I often think of this principle when I hear popular motivational sayings. You know what’s funny? Many of these sayings could be reversed and would still make sense.
Consider the classic saying, “Don’t just stand there, do something.”
Well, action is often good, sure—but sometimes it’s better to just sit! Sometimes waiting is exactly the right decision.
Or consider all the inspirational sayings about getting started:
The perfect time and opportunity never comes. Start now.
A year from now you may wish you had started today.
Your dreams can come true, if only you have the courage to start.
The key to success is to start before you are ready.
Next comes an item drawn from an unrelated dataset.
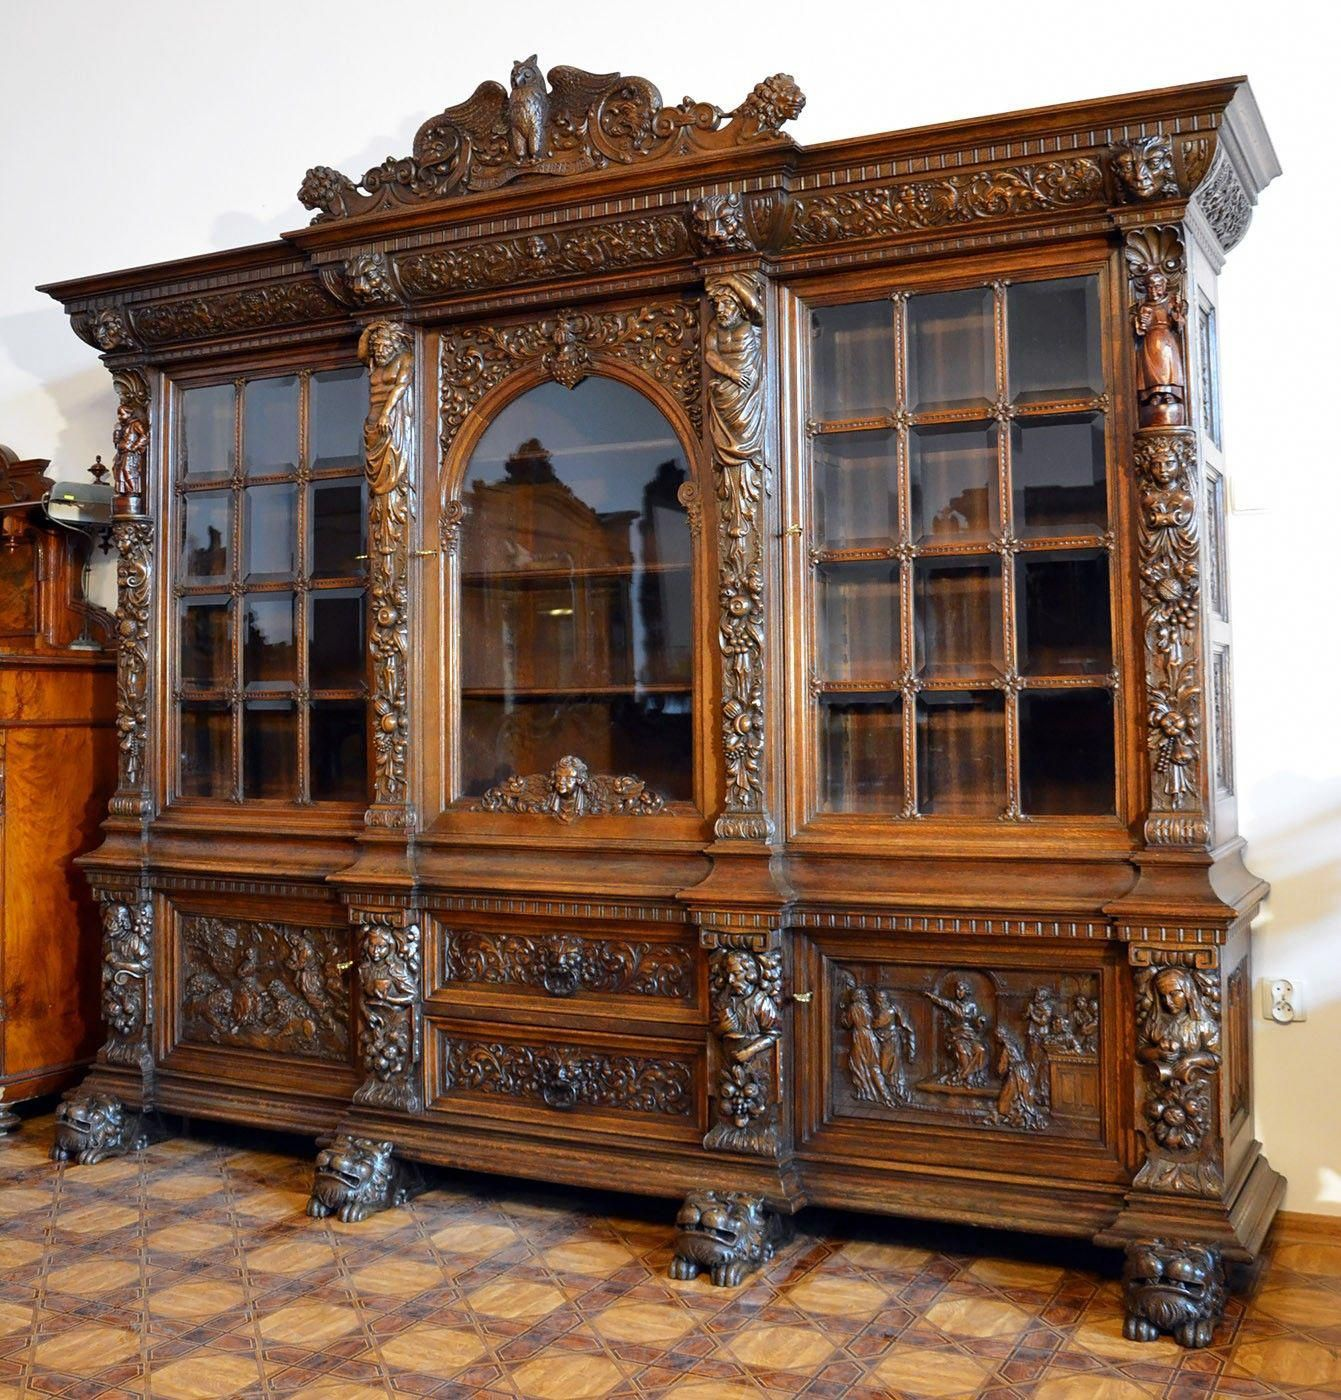 Diy Antique Home Design Antiquehomedesign Muebles Antiguos Muebles Clasicos Decoracion De Vitrina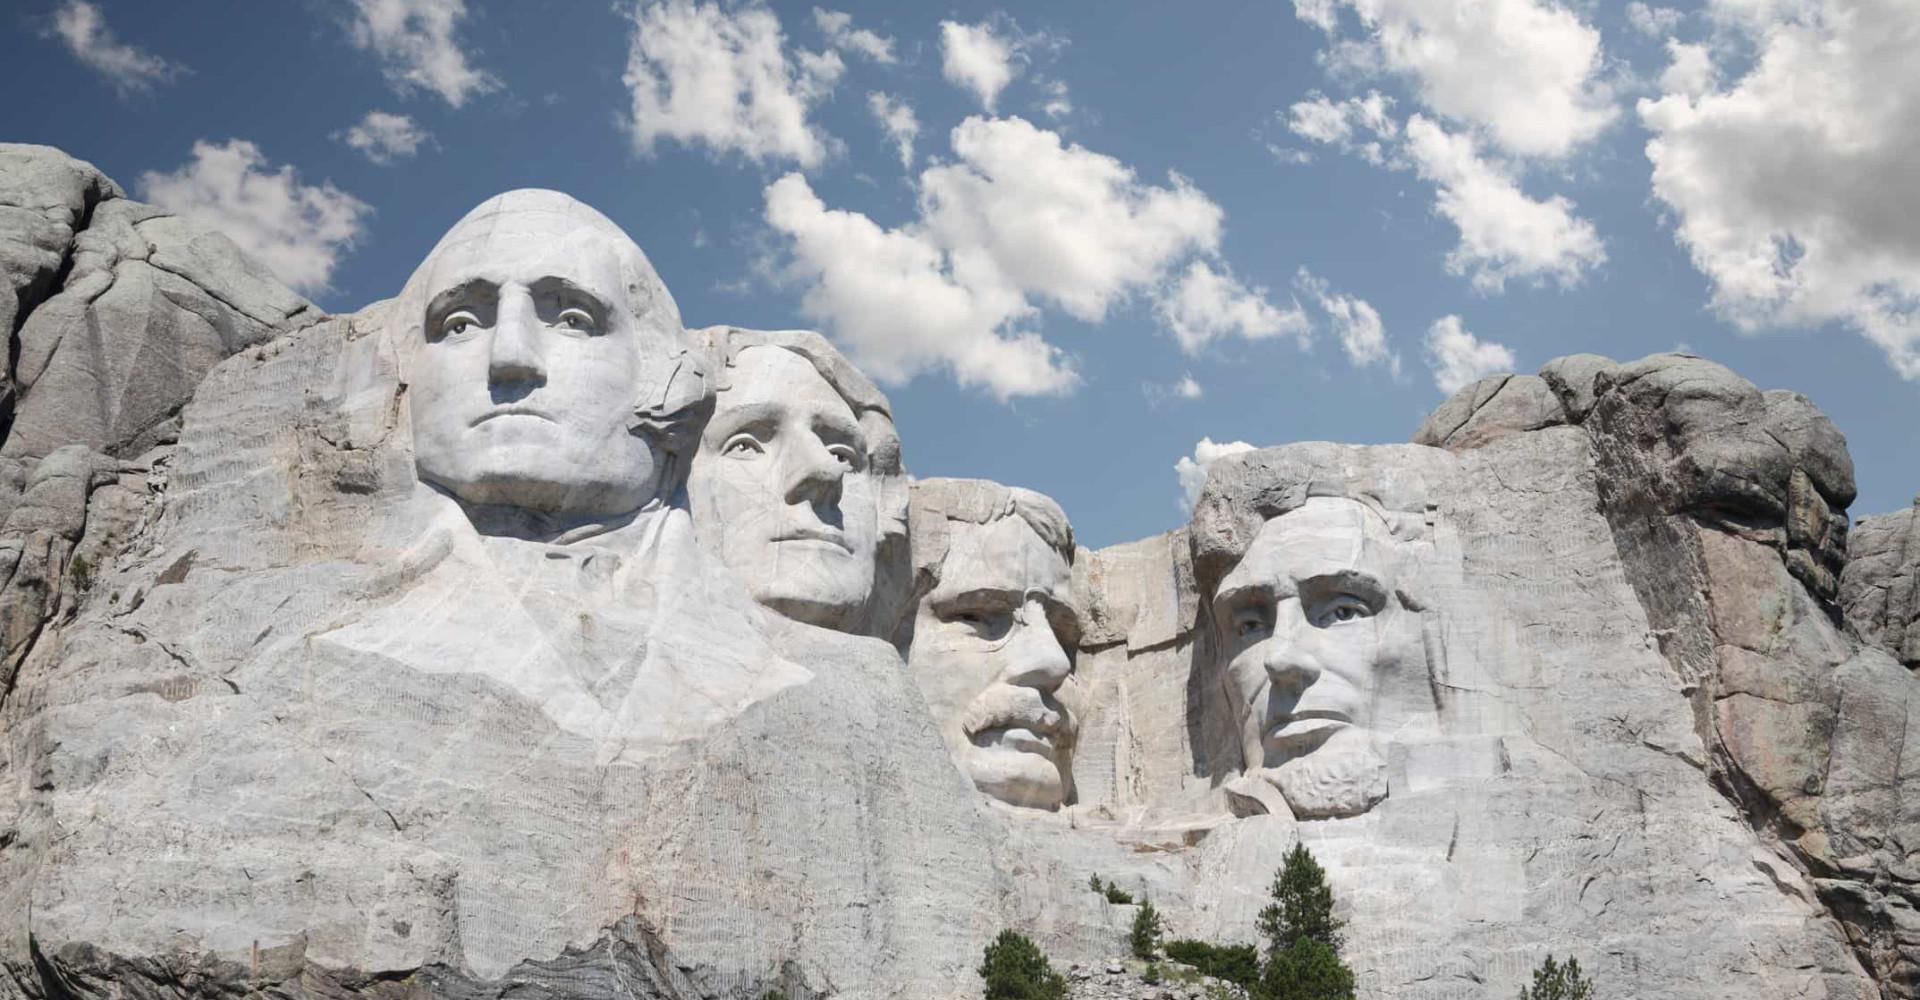 Surprising secrets hidden in American national landmarks

Again, often it’s good to start, but other times it’s just as good to stop doing something as it is to begin. Try substituting the word stop for all of these “just do it” calls-to-action:
The perfect time and opportunity never comes. Stop now.
A year from now you may wish you had stopped today.
Your dreams can come true, if only you have the courage to stop.
The key to success is to stop before you are ready.
These modified sayings might not get as many “likes” on social media as the others, but they should.
If you’re having a hard time getting started with something, maybe the answer is to stop doing something else.
And remember that other people’s advice does not automatically apply to you.
I wish they taught “sunk cost fallacy” in elementary school. Once the proverbial light bulb turns on and you realize your partner or your job or something else is definitely not for you, step away. If you can do it graciously and without drama, even better. You don’t owe anyone or anything endless explanations or second chances. They’ll just get better at scamming you. Your gut doesn’t lie to you. It picks up on micro expressions, bad feelings and has a protective bias toward you. You don’t want to continue? Trust yourself. The world doesn’t owe you. You owe you. No one ever advises you to unplug, rest and remove yourself. Yet this is solid advice that will renew you and bring you clarity. Meditate. All the answers are inside of you if you would just be still and listen. Believe yourself. Thank you for another against the grain path to follow Chris!
Interesting photo of the female orange tiger. I was told once that the best mousers are female orange tigers.
It's always good to be reminded that we're human BEINGS not human DOINGS :-) And the sunk cost fallacy is real, @carol! But I have been thinking that the networking group I've been in since January is not only not helping me build my business, but it's interfering with my life on a personal level. I'm at the point in life where I just don't want to do what I don't want to do, unless I absolutely have to do it. So I shall wave goodbye to that group come december, and reclaim one day of my week!